Reputation: 709
I have an xarray dataset:
As you can see the dimensions are (lat, lon, step (hours), time (days)). I want to merge the hours and days into one so that the dimensions are instead (lat, lon, timestep). How do I do this?
Upvotes: 3
Views: 1640
Reputation: 890
You can use the stack
method to create a multiindex of the the time and step dimensions. As your valid_time
coord already has the correct datetime
dimension, you can also drop the multiindex coords and only keep the valid_time
coord withe actual datetimes.
import numpy as np
import xarray as xr
import pandas as pd
# Create a dummy representation of your data
ds = xr.Dataset(
data_vars={"a": (("x", "y", "time", "step"), np.random.rand(5, 5, 3, 24))},
coords={
"time": pd.date_range(start="1999-12-31", periods=3, freq="d"),
"step": pd.timedelta_range(start="1h", freq="h", periods=24),
},
)
ds = ds.assign_coords(valid_time=ds.time + ds.step)
# Stack the time and step dims
stacked_ds = ds.stack(datetime=("time", "step"))
# Drop the multiindex if you want to keep only the valid_time coord which
# contains the combined date and time information.

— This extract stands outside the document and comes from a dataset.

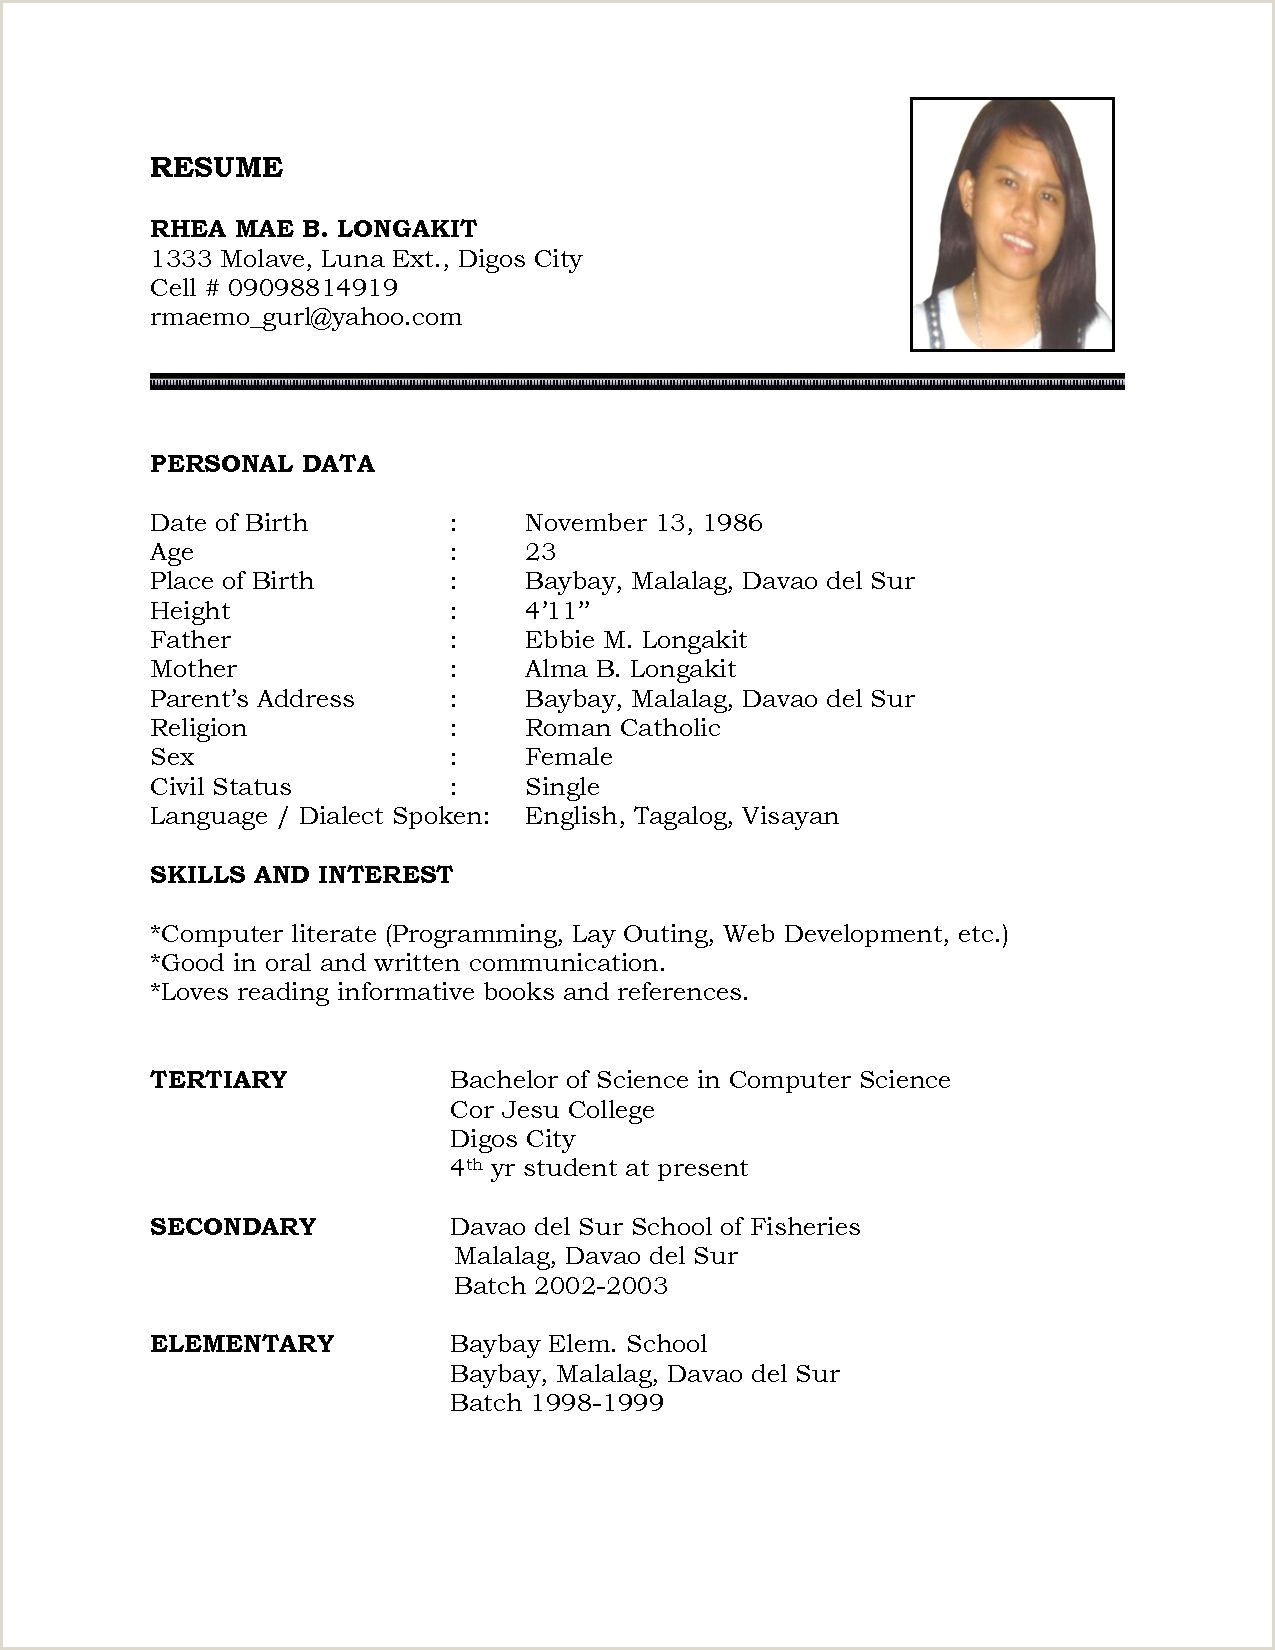 German Standard Cv format for Job 3 Resume format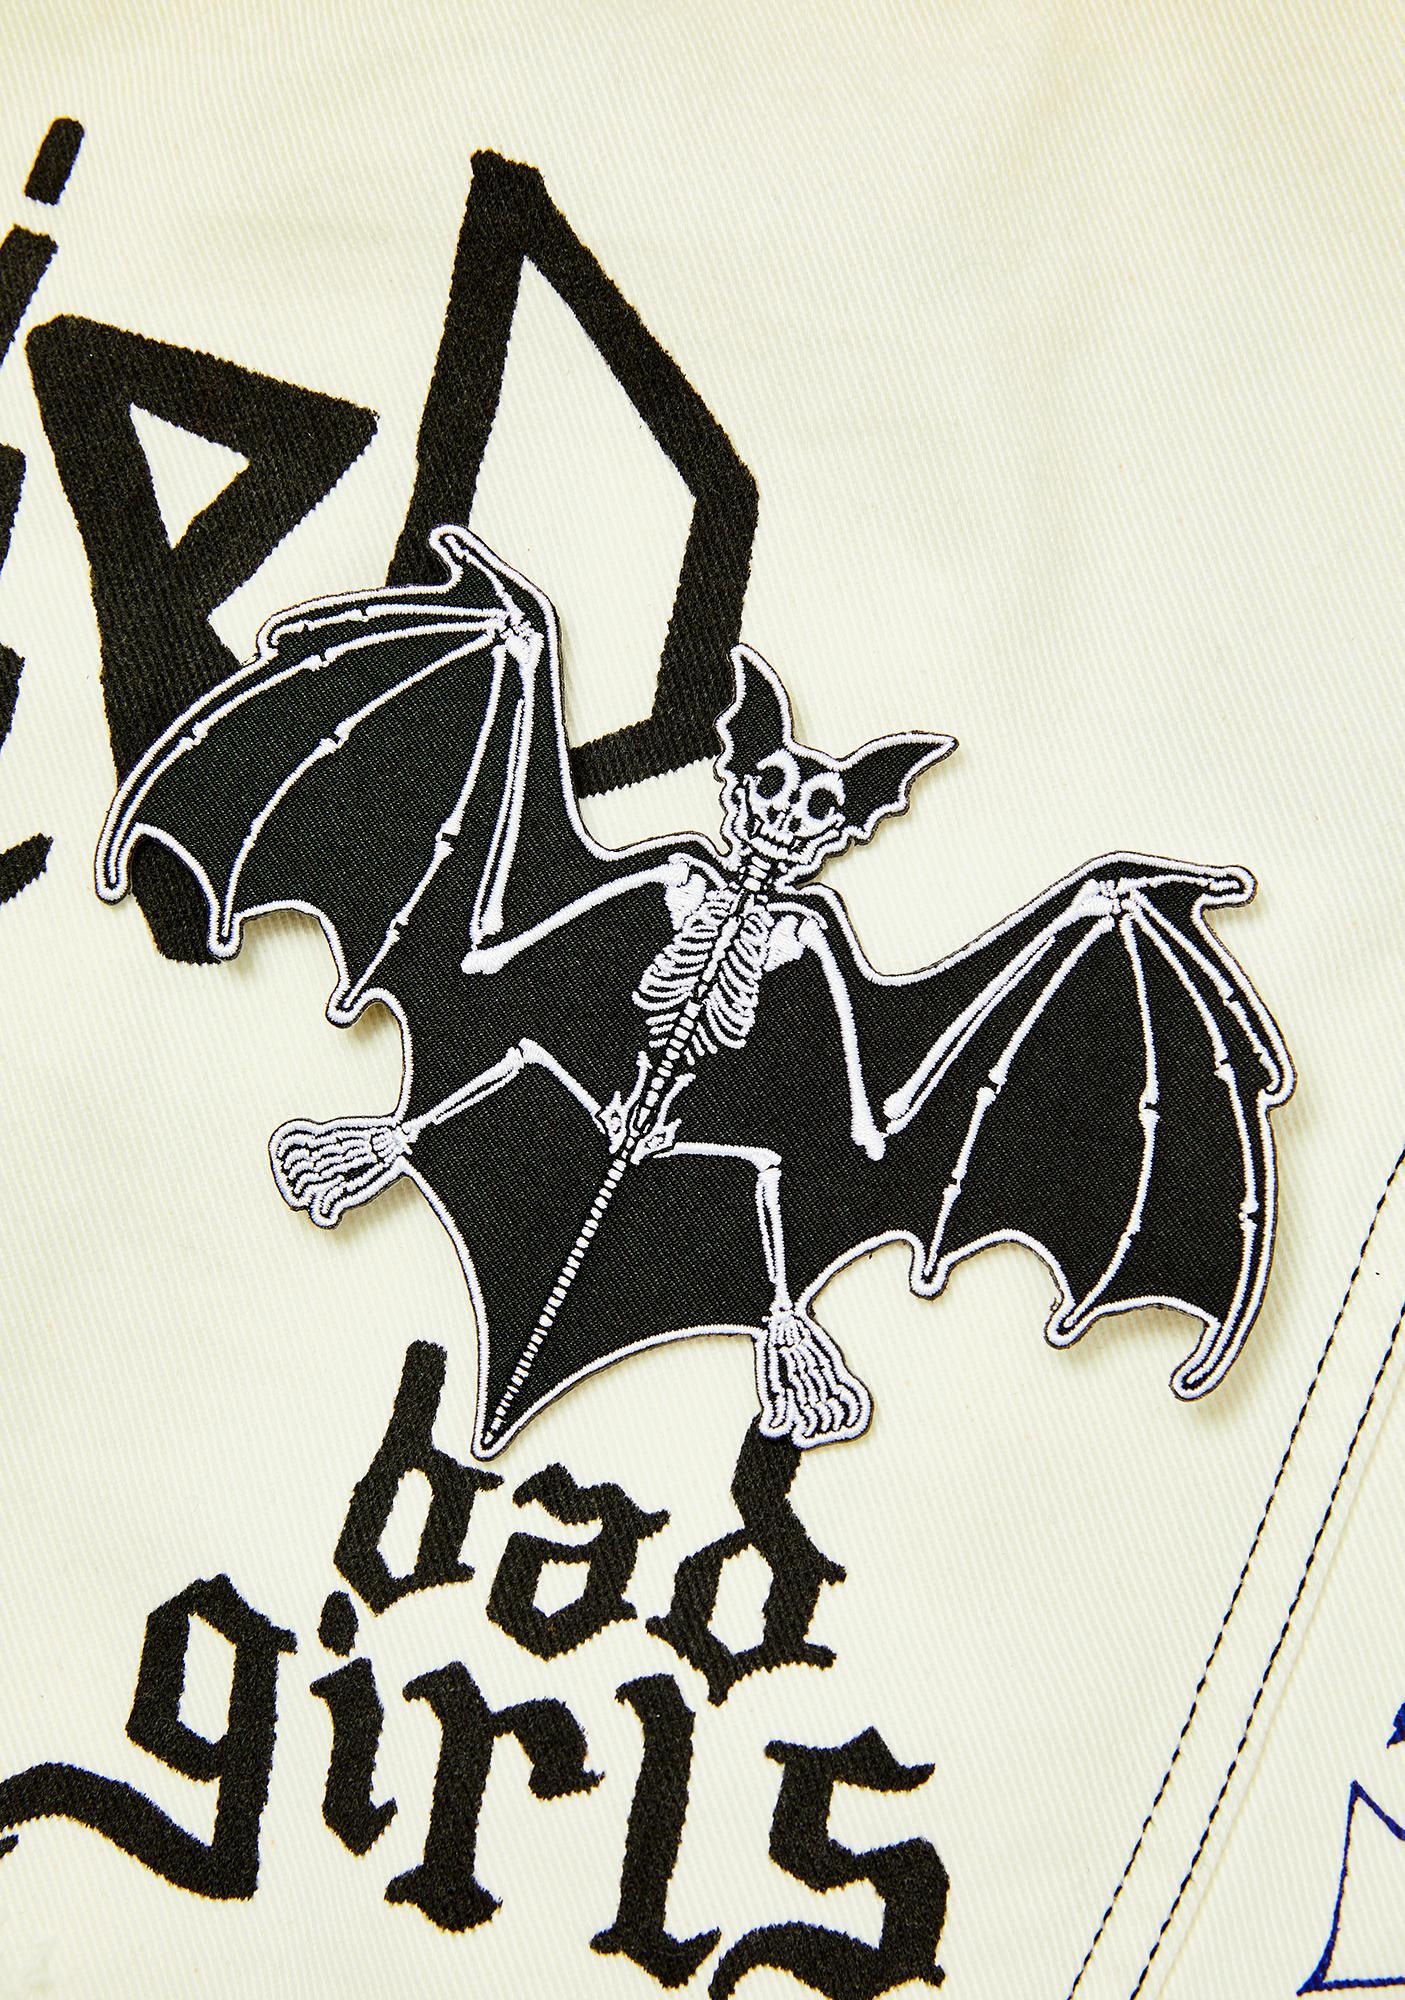 Kreepsville 666 Skelli Bones Bat Patch

# Rename vars and dims to your liking.
stacked_ds = (
stacked_ds.drop_vars("datetime")
.rename_dims({"datetime": "time"})
.rename_vars({"valid_time": "time"})
)
print(stacked_ds)
<xarray.Dataset>
Dimensions: (time: 72, x: 5, y: 5)
Coordinates:
* time (time) datetime64[ns] 1999-12-31T01:00:00 ... 2000-01-03
Dimensions without coordinates: x, y
Data variables:
a (x, y, time) float64 0.1961 0.3733 0.2227 ... 0.4929 0.7459 0.4106
Like this we create a single time dimension with a continuous datetime series as coordinate. However, it is not and index. For some methods, like resample
, time needs to be an index. We can fix that be explicitly setting it an index:
stacked_ds.set_index(time="time")
However, this will make 'time' a variable instead of a coordinate. To make it a coordinate again, we can use
stacked_ds.set_index(time="time").set_coords("time")
You can use stacking of dimensions on Dataarrays as well. However, they do not have rename_dims
and rename_vars
methods. Instead, you can use swap_dims
and rename
:
(
ds.a.stack(datetime=("time", "step"))
.drop_vars("datetime")
.swap_dims({"datetime": "time"})
.rename({"valid_time": "time"})
).set_index(time="time")
Upvotes: 4